DATA BLOCK:
-- Opening Marker --
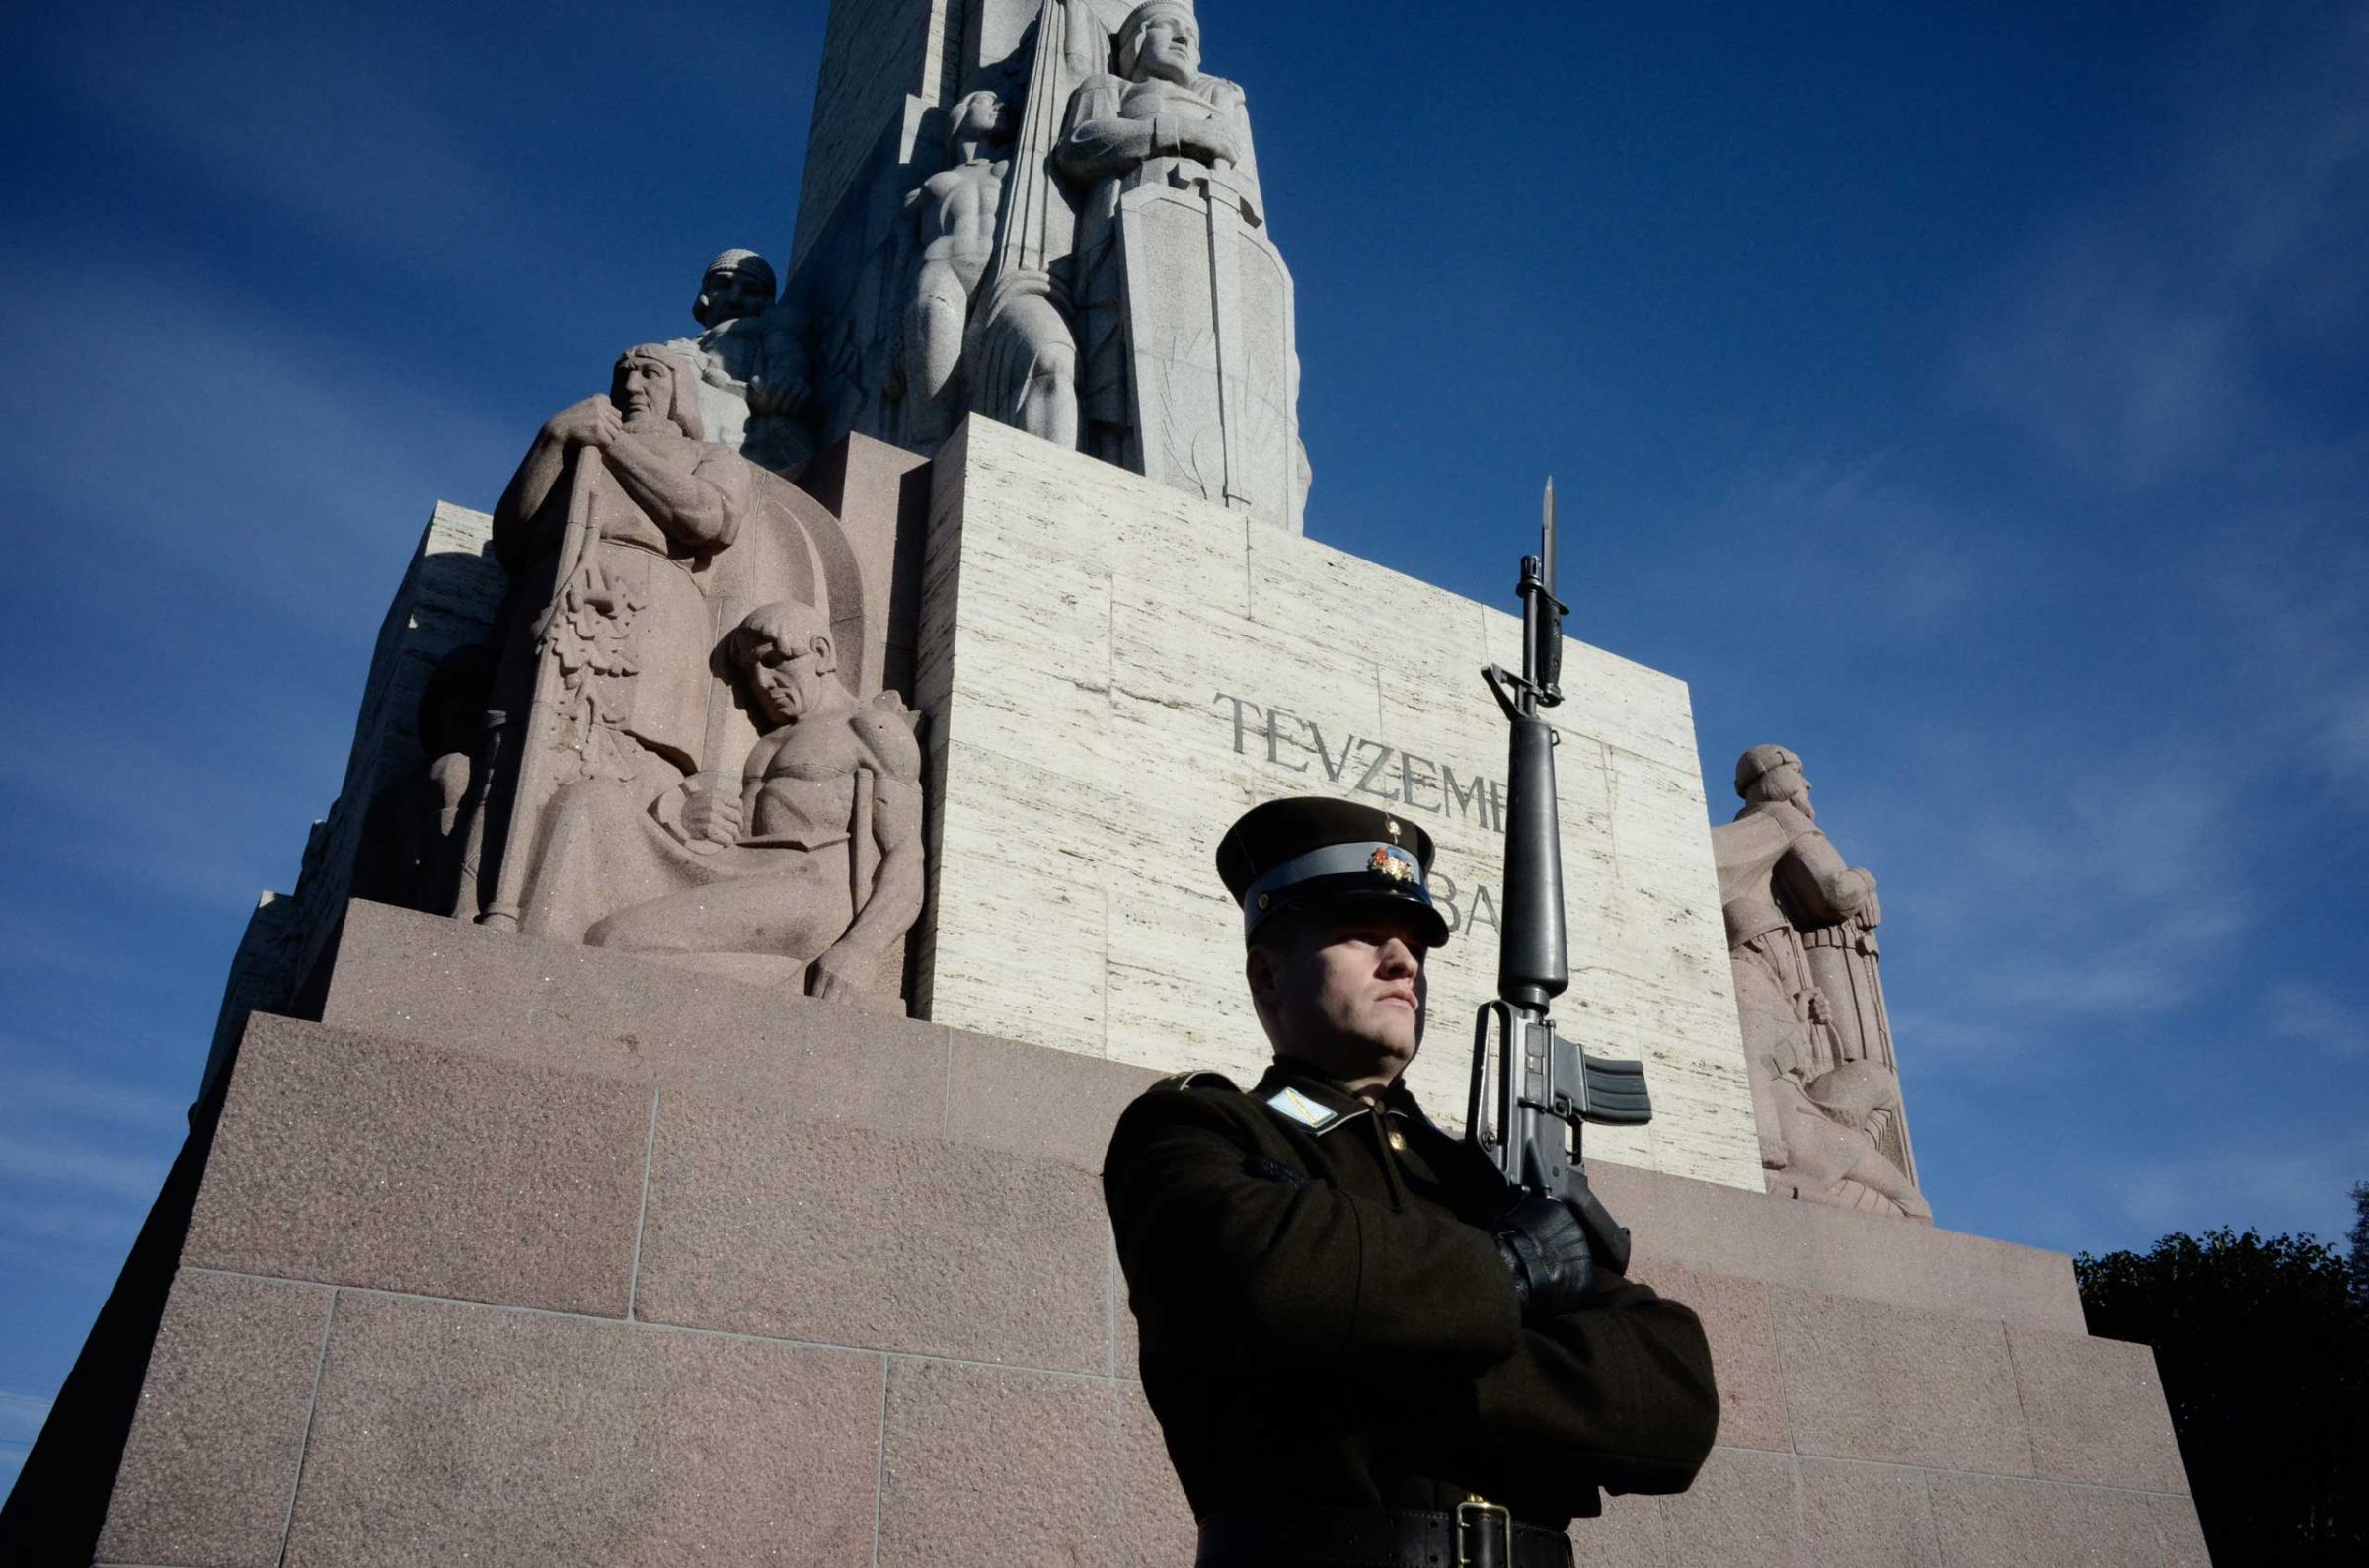 A guard stands at the Freedom monument in Riga, Latvia, a memorial to the soldiers killed during the Latvian war for independence. For many Latvians, it is a symbol of Latvia’ sovereignty and independence.
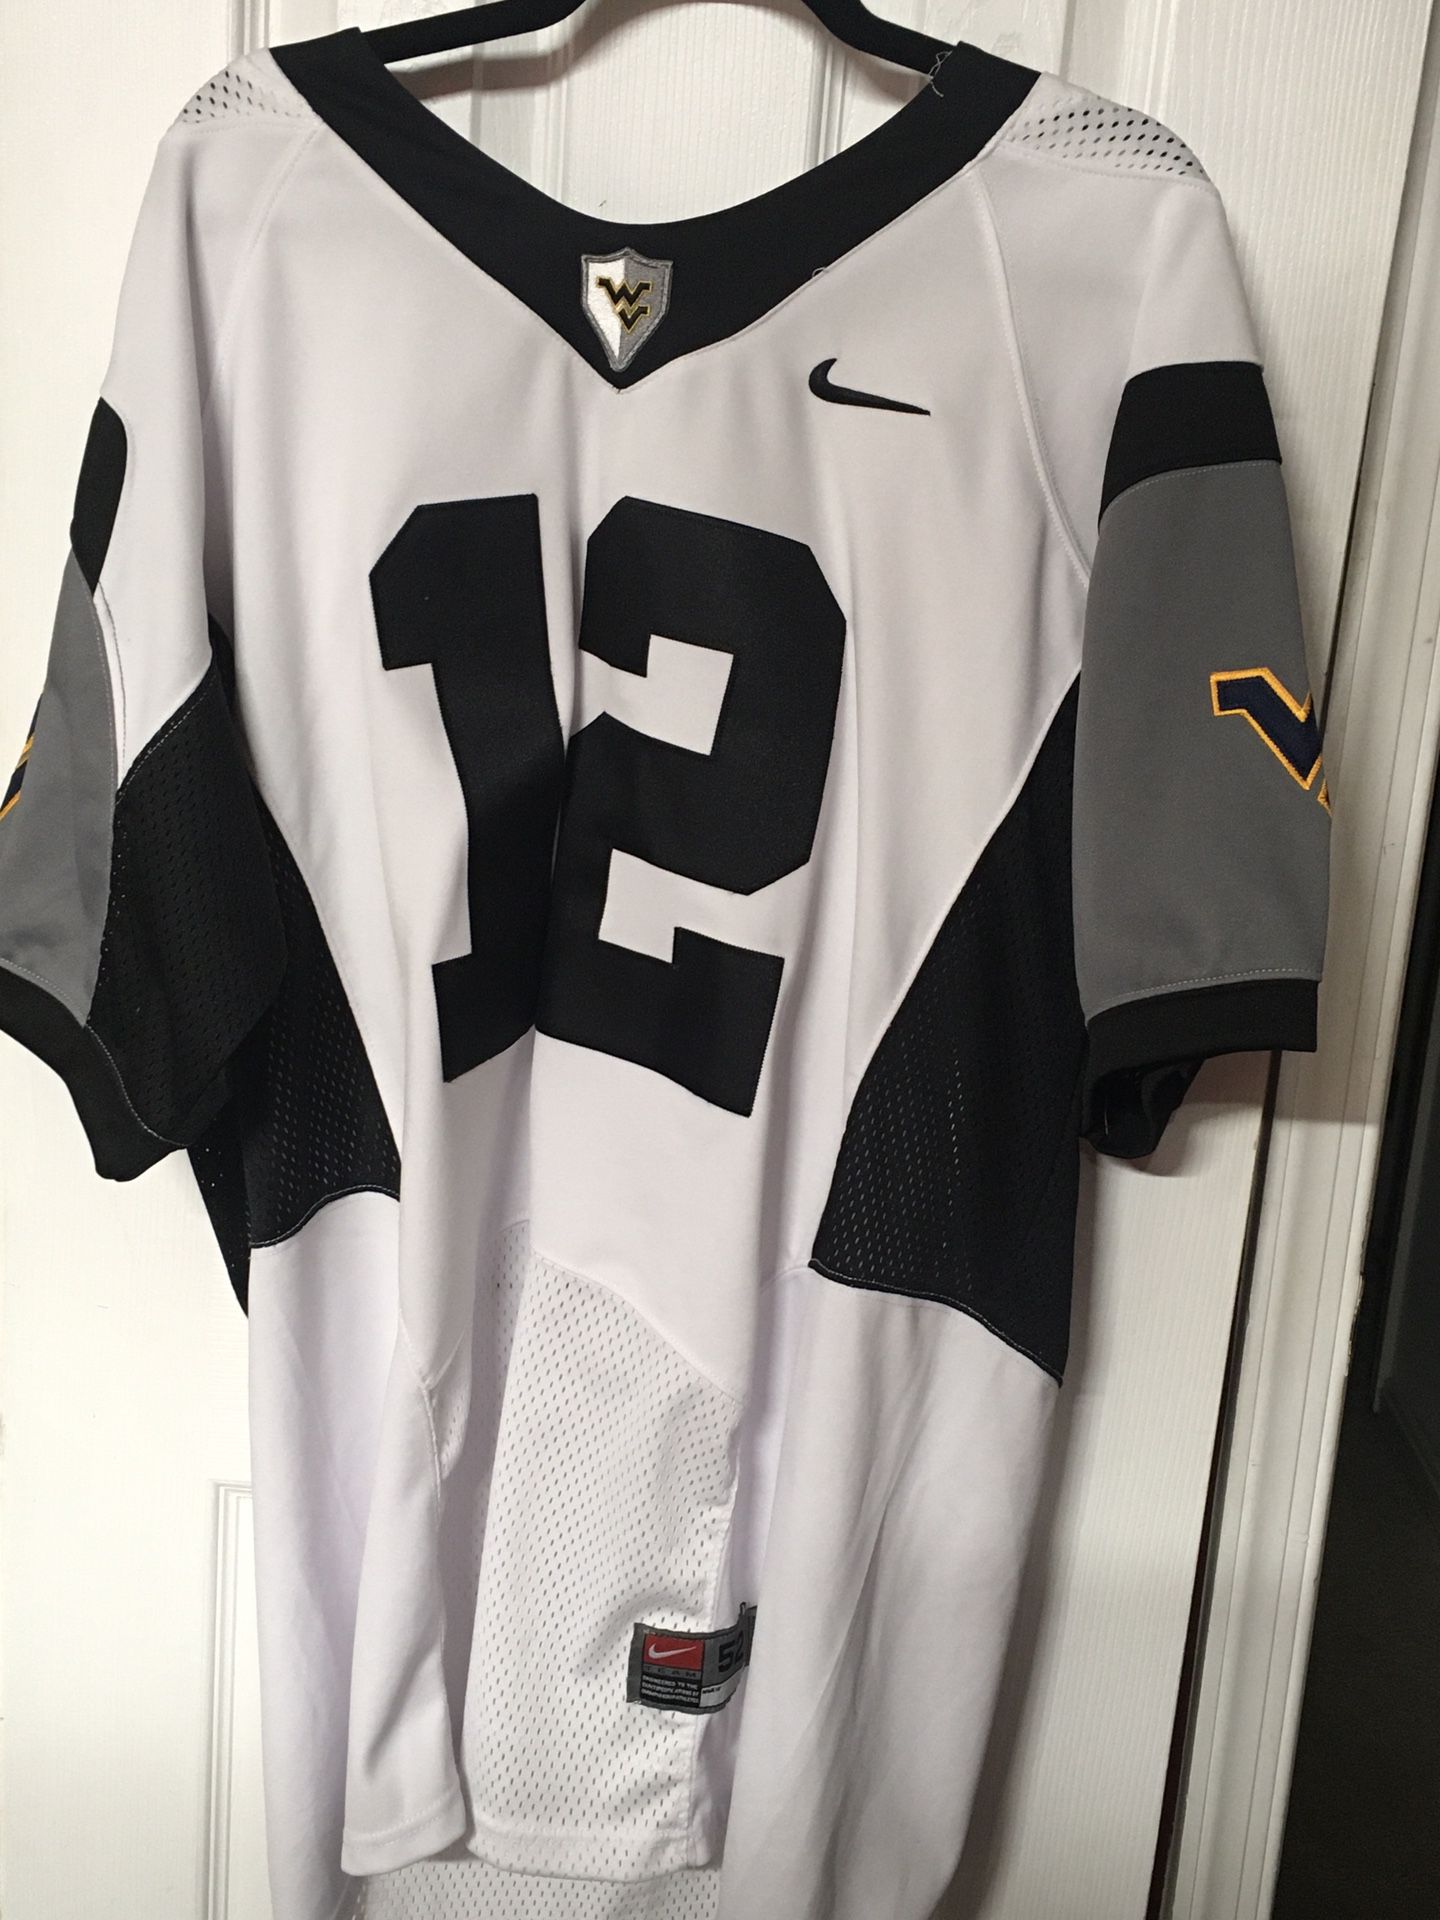 West Virginia Mountaineers Geno Smith Nike Football Jersey 12 Geno Smith Sz52 2X Black and White jersey RARE Current Seattle Seahawks starter No rips,
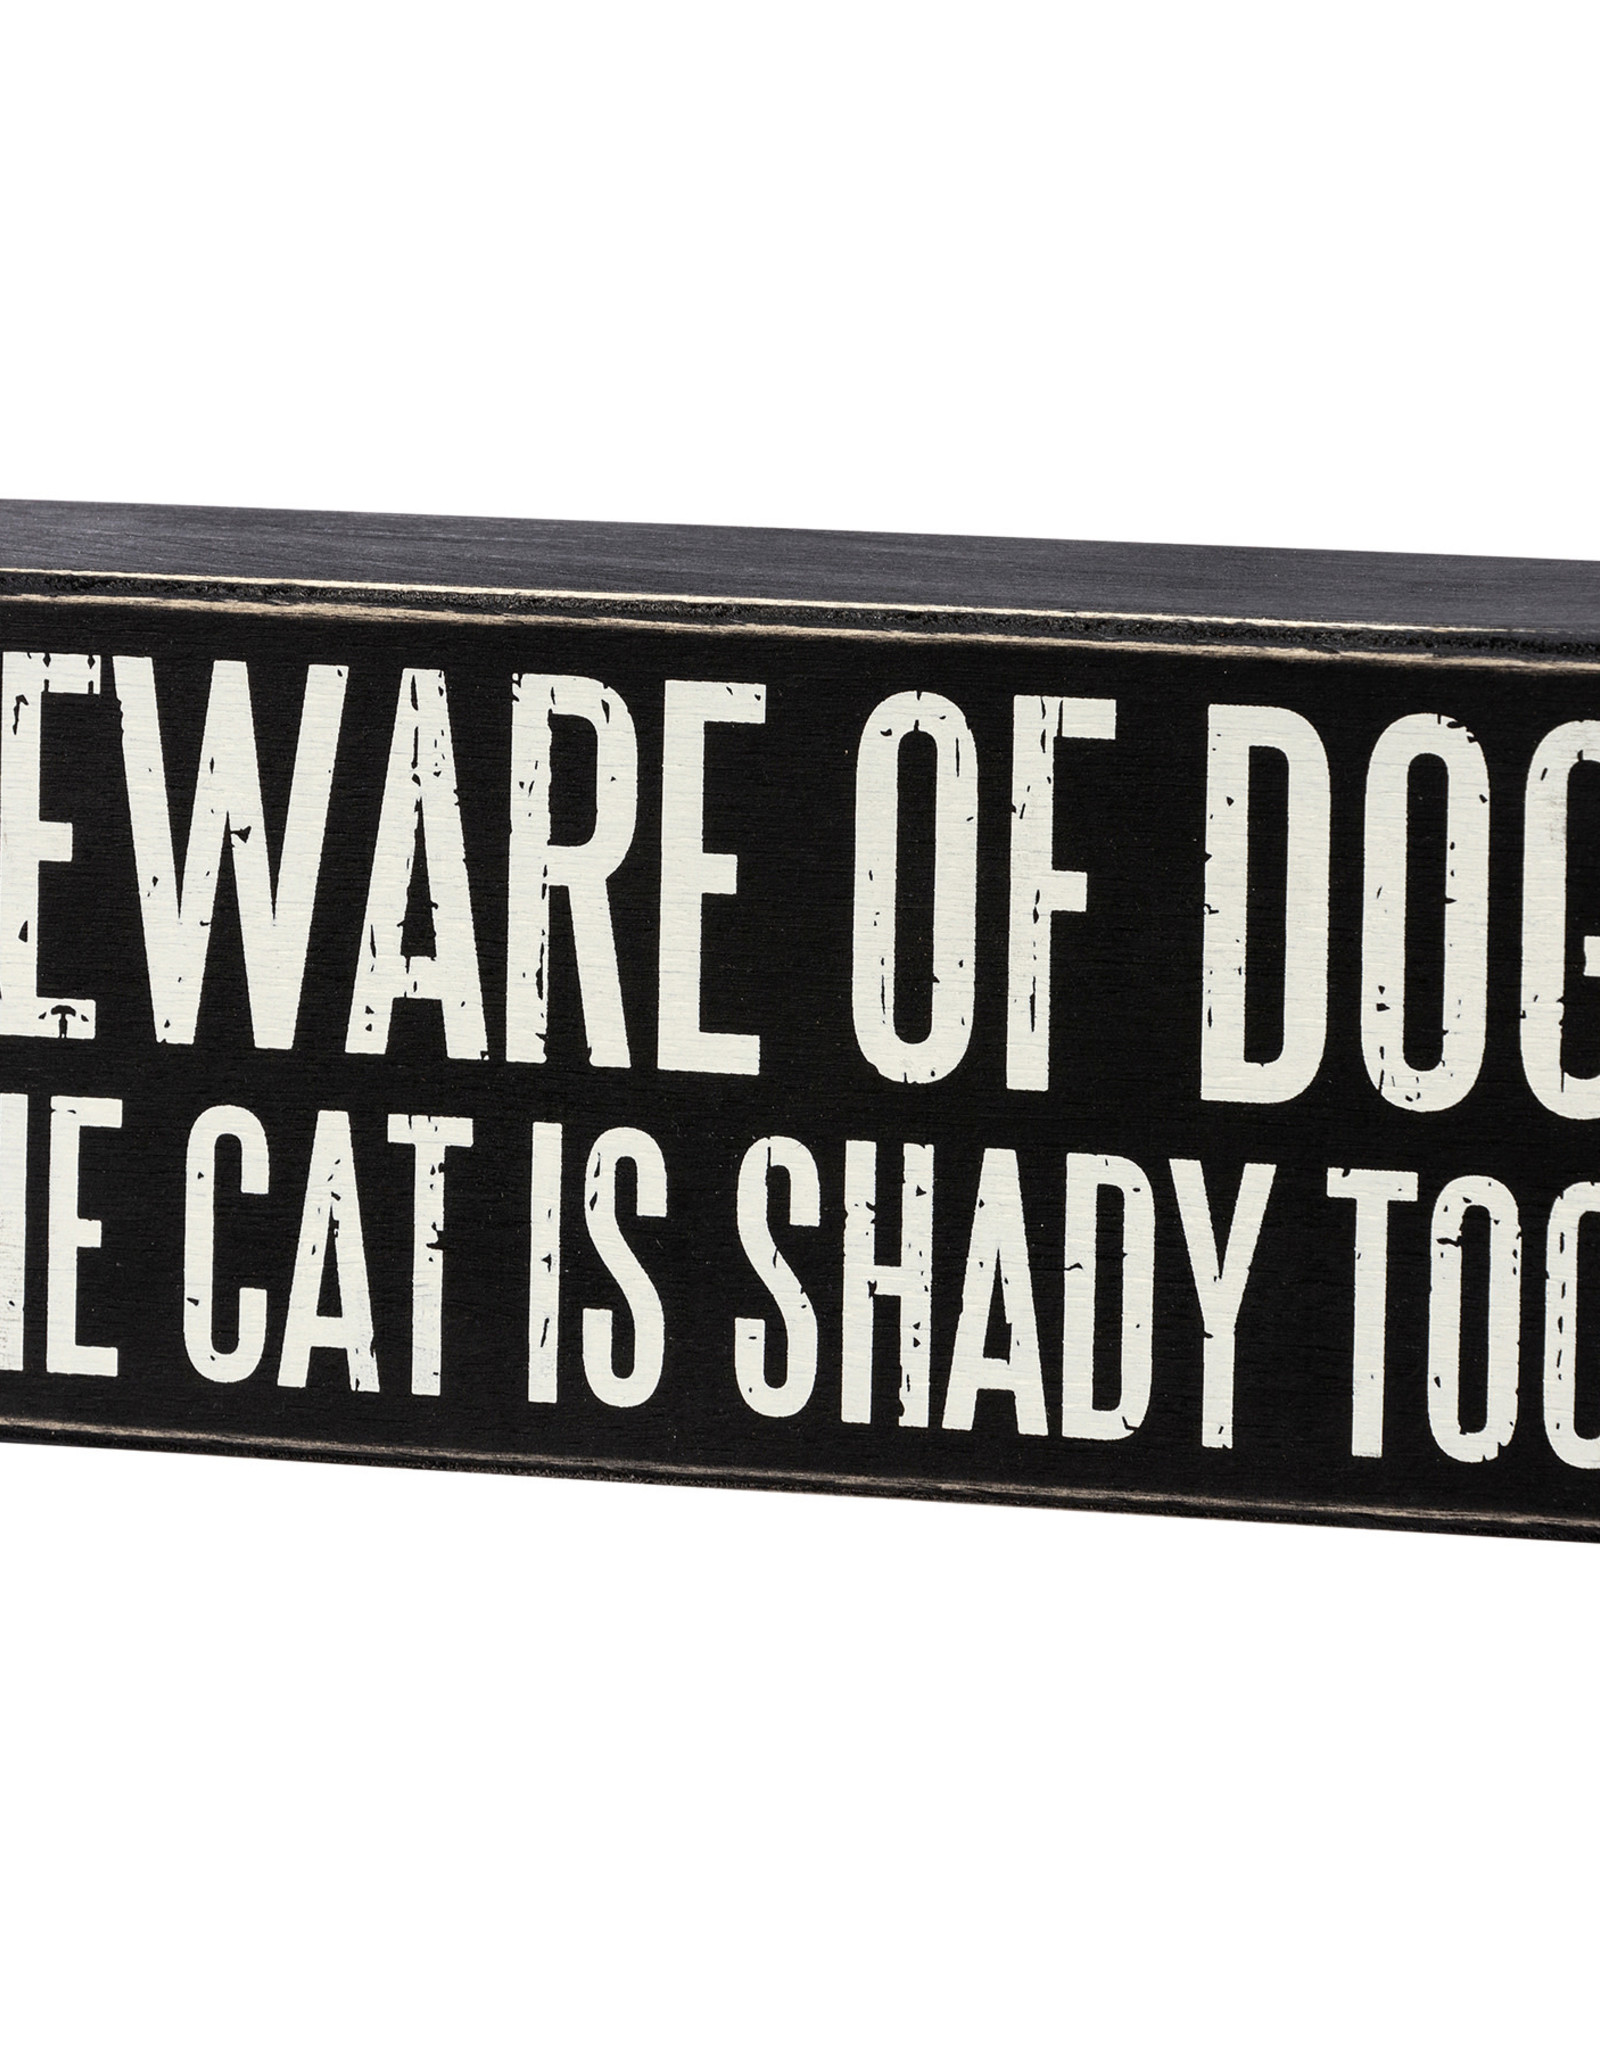 Box Sign - Beware Of Dog The Cat Is Shady Too
-- Closing Marker --
TASK ITEM:
Lines from the one that contains "West Virginia Mountaineers" through the last line of the data above are to be extracted exactly, with no pictures and no other lines.

TASK SOLUTION:
 West Virginia Mountaineers Geno Smith Nike Football Jersey 12 Geno Smith Sz52 2X Black and White jersey RARE Current Seattle Seahawks starter No rips,
 Box Sign - Beware Of Dog The Cat Is Shady Too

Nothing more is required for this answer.